Mohave Community College
- Type: Public community college
- Established: 1970; 56 years ago
- Accreditation: Higher Learning Commission
- President: Stacy Klippenstein
- Location: Kingman, Arizona, United States 36°58′52″N 112°58′19″W﻿ / ﻿36.981°N 112.972°W
- Colors: Red and White
- Mascot: Bighorns
- Website: www.mohave.edu

= Mohave Community College =

Public college in Mohave County, Arizona, US

Mohave Community College (MCC) is a public community college with campuses in Kingman, Lake Havasu City, Bullhead City, and Colorado City, serving Mohave County, Arizona and the surrounding communities.
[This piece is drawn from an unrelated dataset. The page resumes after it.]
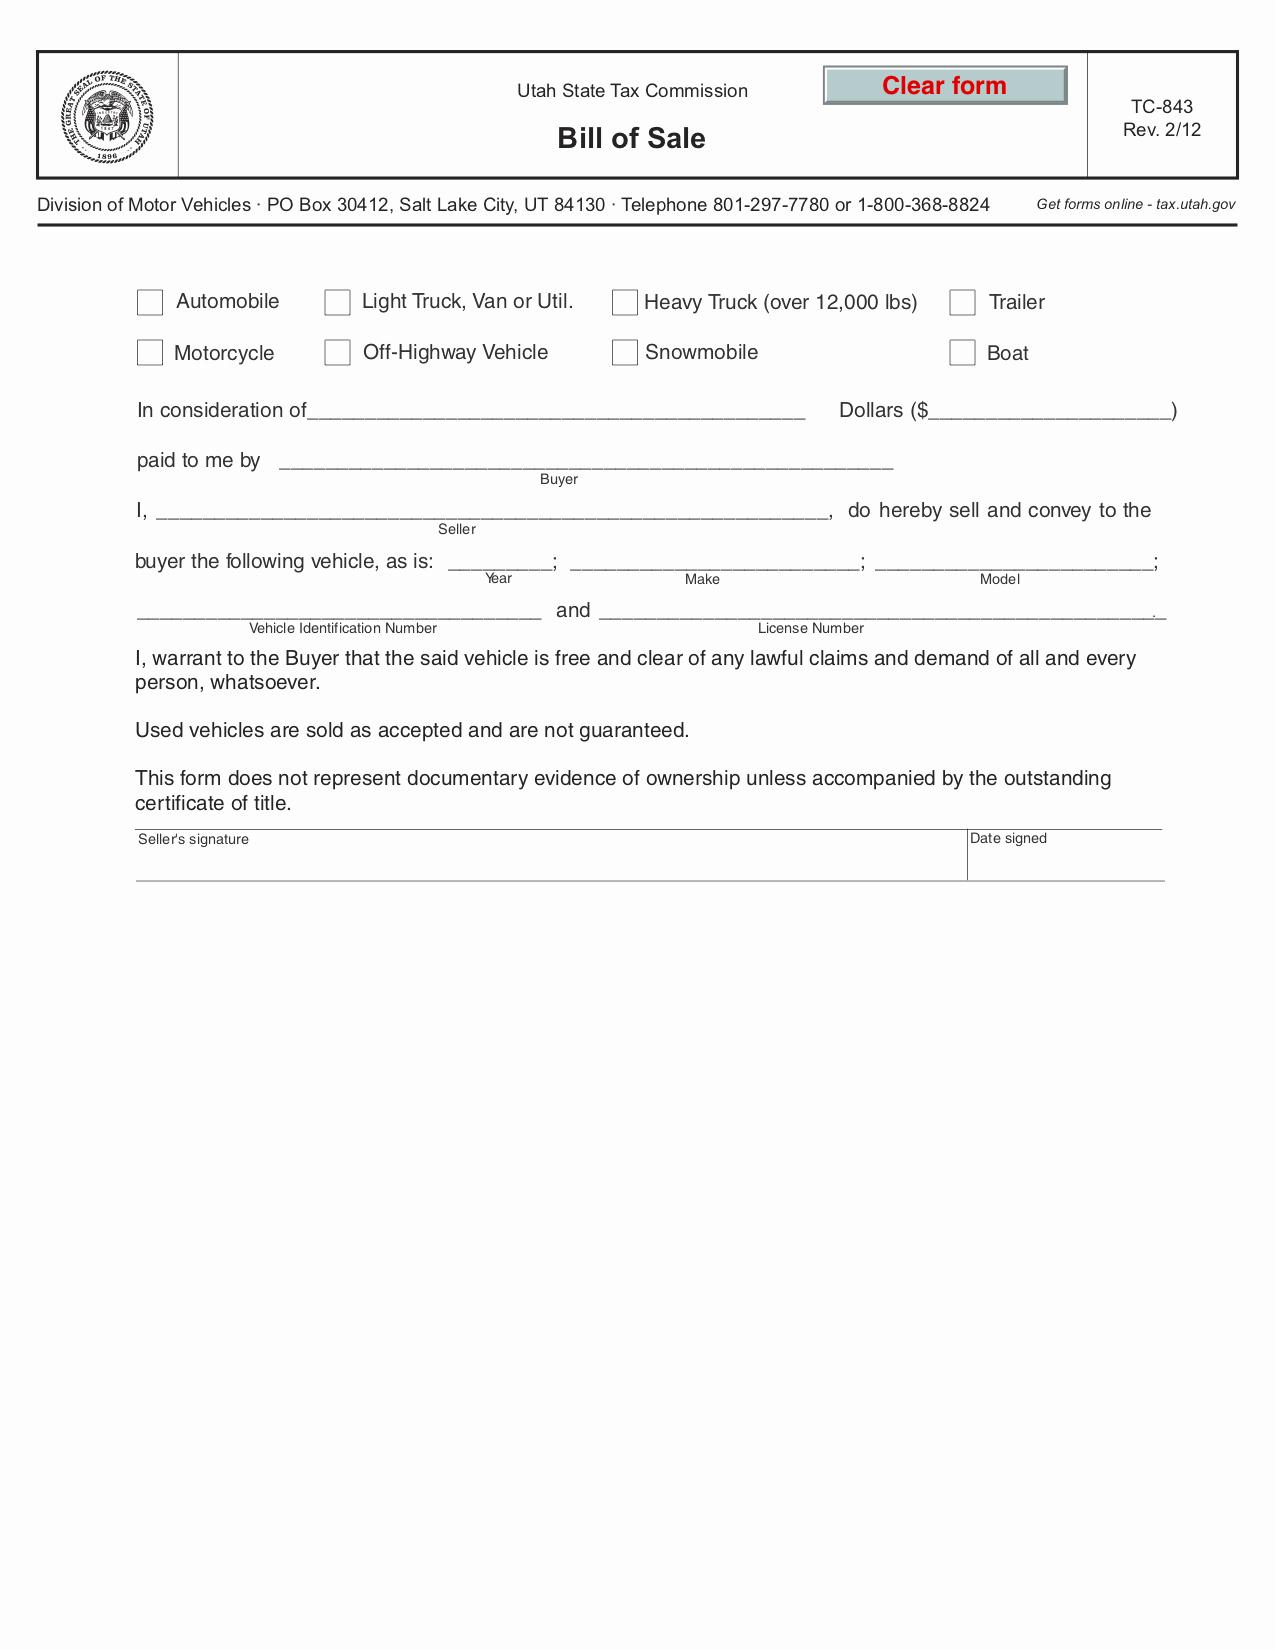 Template Bill Of Sale Car Inspirational Free Utah Bill Of Sale form Pdf Template

MCC is accredited by the Higher Learning Commission.

==History==

In October 1970, a public vote established MCC as a county college and elected its first board of governors. The board planned to have three campuses (in Kingman, Bullhead City and Lake Havasu City), later expanding to Colorado City. In June 1971, J. Leonard and Grace Neal donated 160 acres of land north of Kingman where the college's first facilities were developed, and in October 1972, McCulloch Properties donated a parcel of land located in Lake Havasu City. The college became part of the Arizona State System of Community Colleges in 1974, and received full accreditation from the North Central Association of Colleges and Schools in 1981.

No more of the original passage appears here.